How can I change the value of, let's say, PasswordAuthentication in /etc/ssh/sshd_config in commands?

As well, remove a # in front of the "key" I wish to value. These don't all have to be in one command. I setup quite a few servers, and remembering where everything is gets exhausting, so I want to get a series of commands I can copy paste and it does the work for me for future reference.

Sample values:

PermitRootLogin no
ChallengeResponseAuthentication no
PasswordAuthentication no
UsePAM no
UseDNS no

Regular expressions and sed can help with things like this.

sed -re 's/^(PasswordAuthentication)([[:space:]]+)no/\1\2yes/' -i.`date -I` /etc/ssh/sshd_config

On my Debian system, this will toggle PasswordAuthentication no to PasswordAuthentication yes, regardless of the number of spaces between key and value.

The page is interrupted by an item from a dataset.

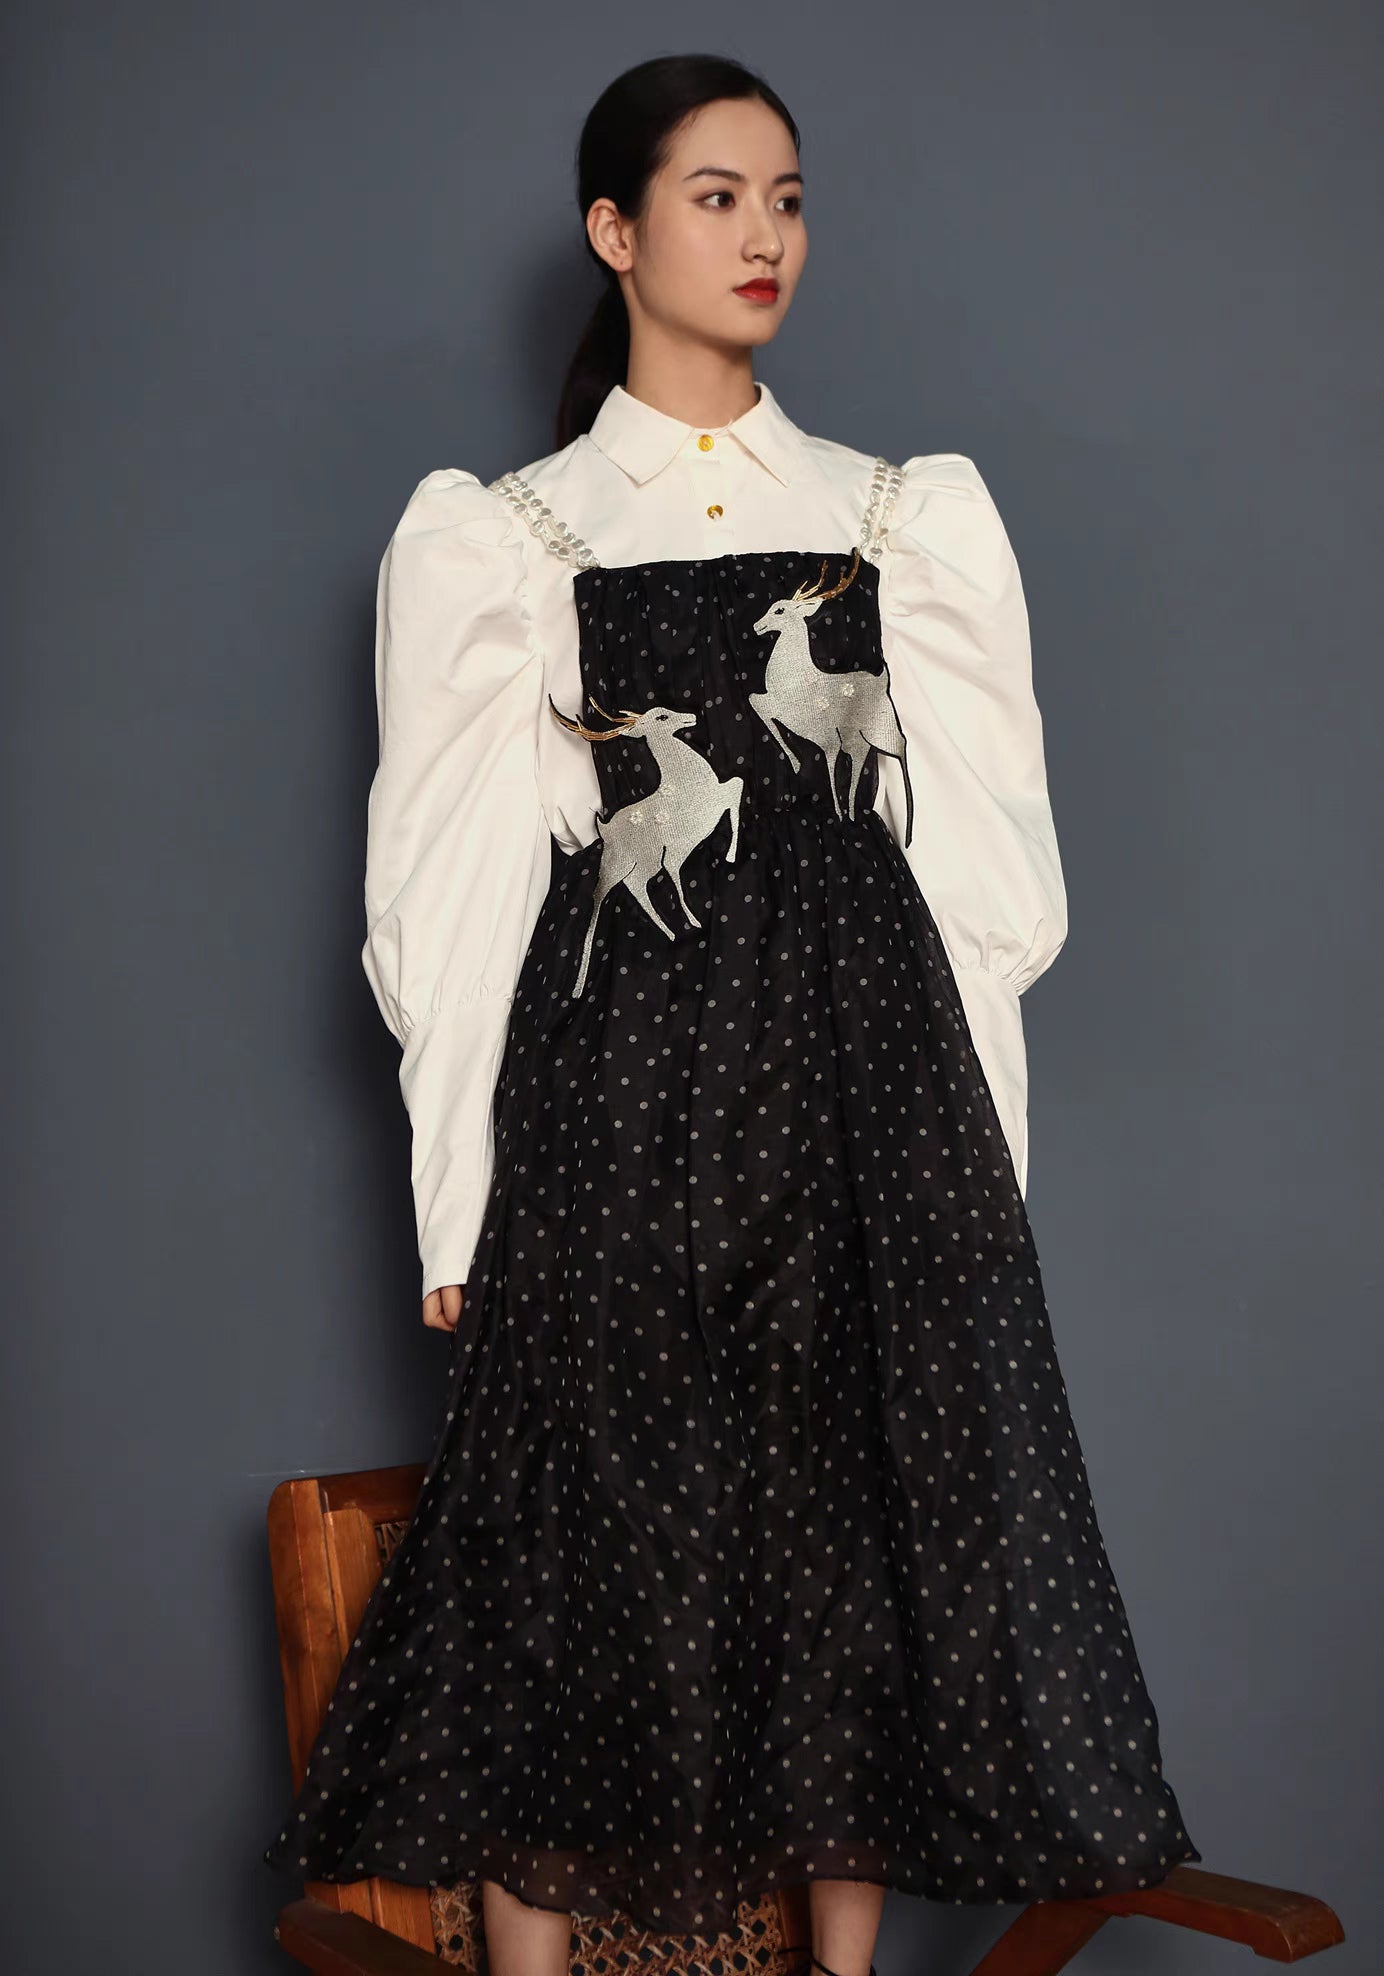 deer embroidered suspender skirt black and white polka dot dress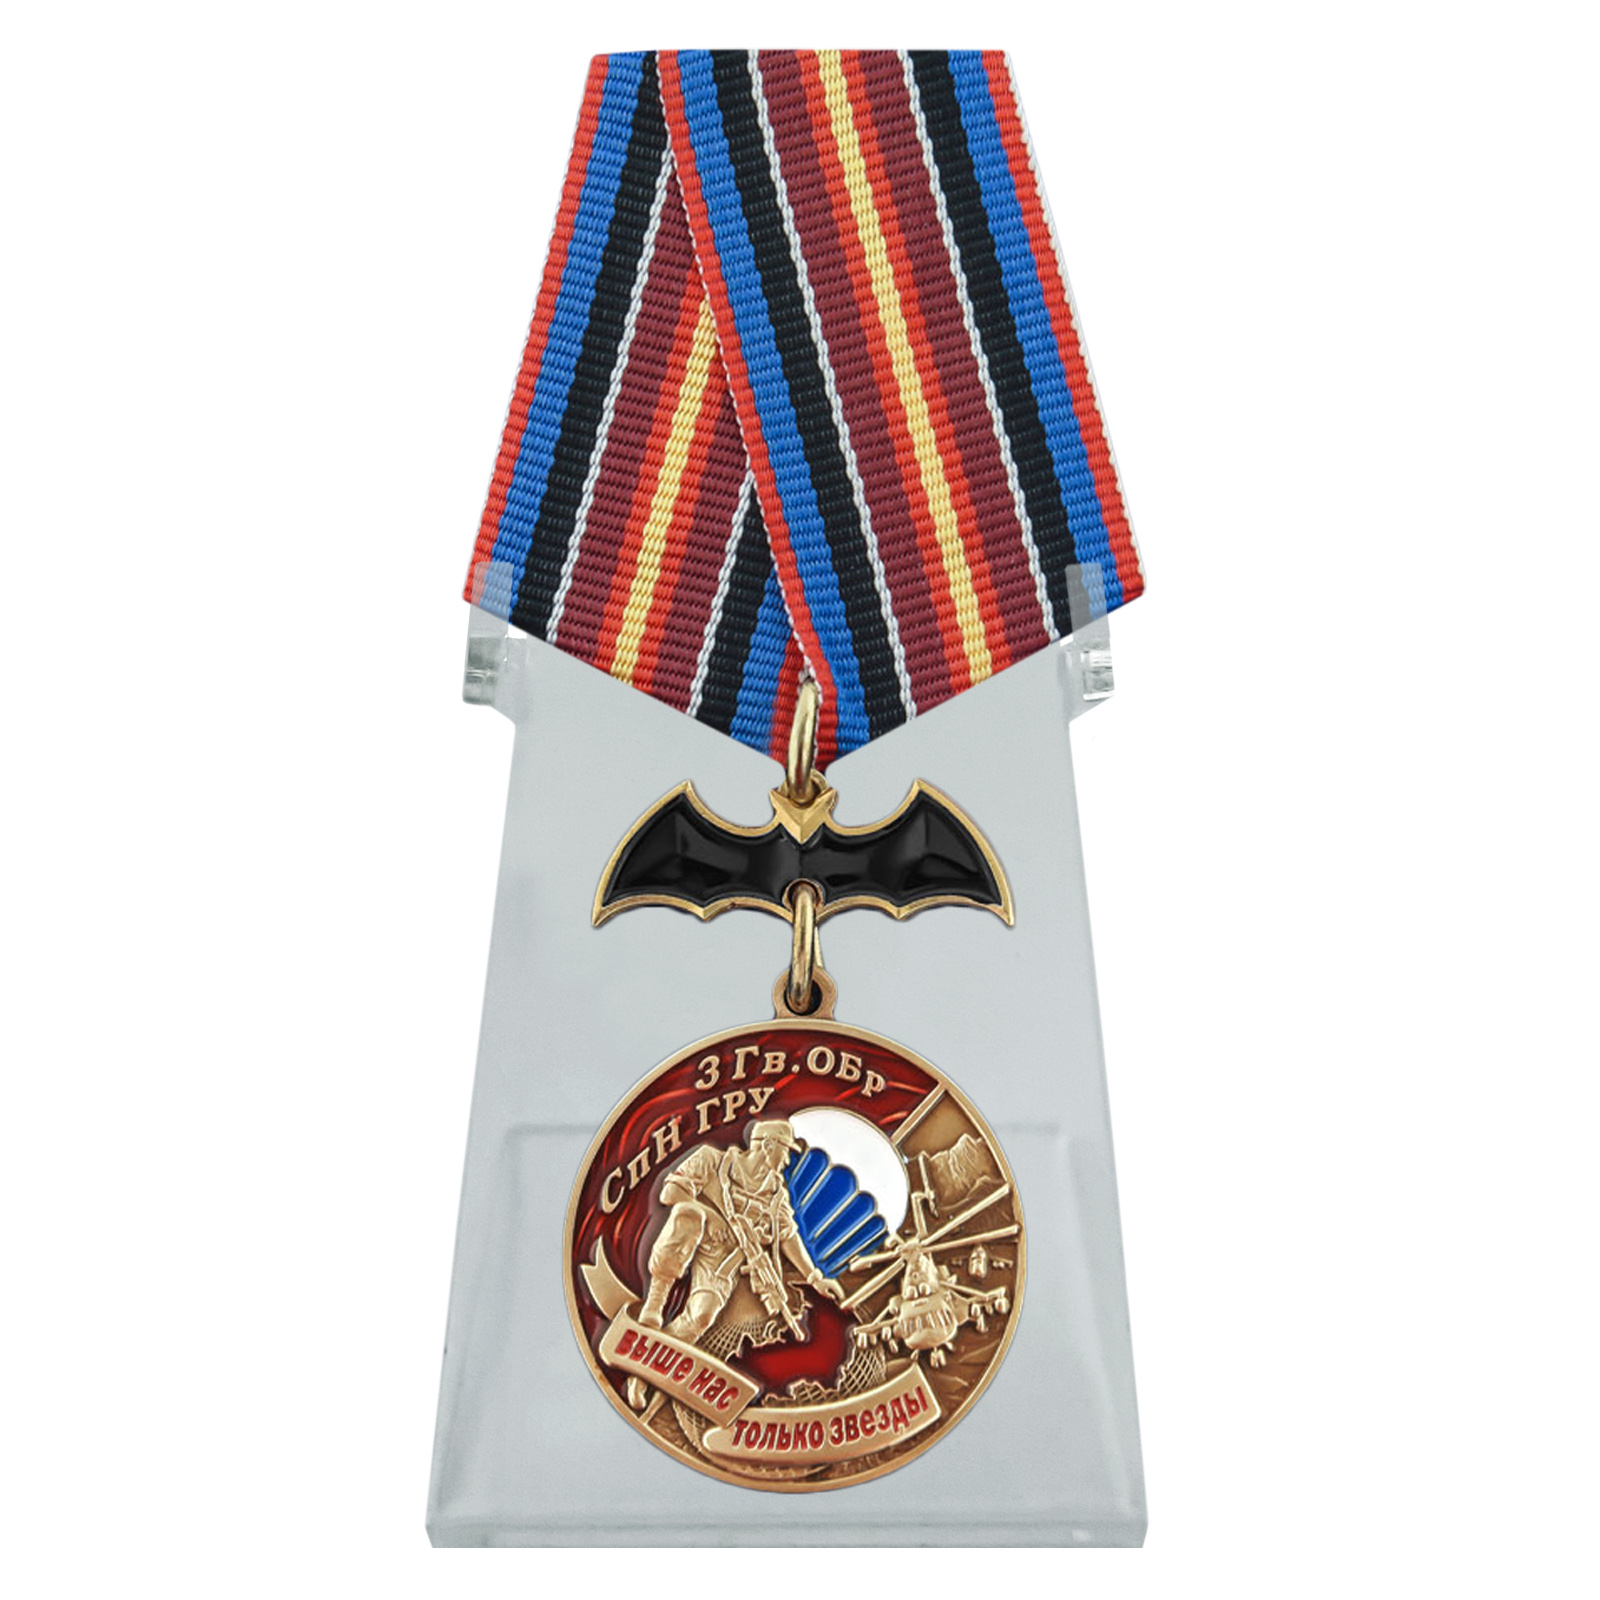 Купить медаль 3 Гв. ОБрСпН ГРУ на подставке онлайн

It will replace the option in the file (in-place editing) while creating a backup of the original file, with a suffix named by the date (sshd_config.2014-05-28).

Switch places for yes and no to toggle the other way.

The expression for removing a leading # is something like this:

 sed -re 's/^(\#)(PasswordAuthentication)([[:space:]]+)(.*)/\2\3\4/' 

-and for inserting a leading #-sign:

 sed -re 's/^(PasswordAuthentication)([[:space:]]+)(.*)/#\1\2\3/' 

To toggle a line with an optional #-sign in front (Thanks Barlop):

sed -re 's/^(\#?)(PasswordAuthentication)([[:space:]]+)no/\2\3yes/' 

In all these expressions you can change PasswordAuthentication to any other option you want to change - probably even make it a key in a shell script, and make a "sshd option toggle tool".

Sed and regex is all fun and games, but I'm sure Valentin is right about configuration management is the way to go if you have lots of systems. Personally I just use etckeeper/bazaar on a couple of systems that very rarely change - it's not configuration management, but it gives me versioning, so I can get back a working config after I screwed up with regex and sed -i. :)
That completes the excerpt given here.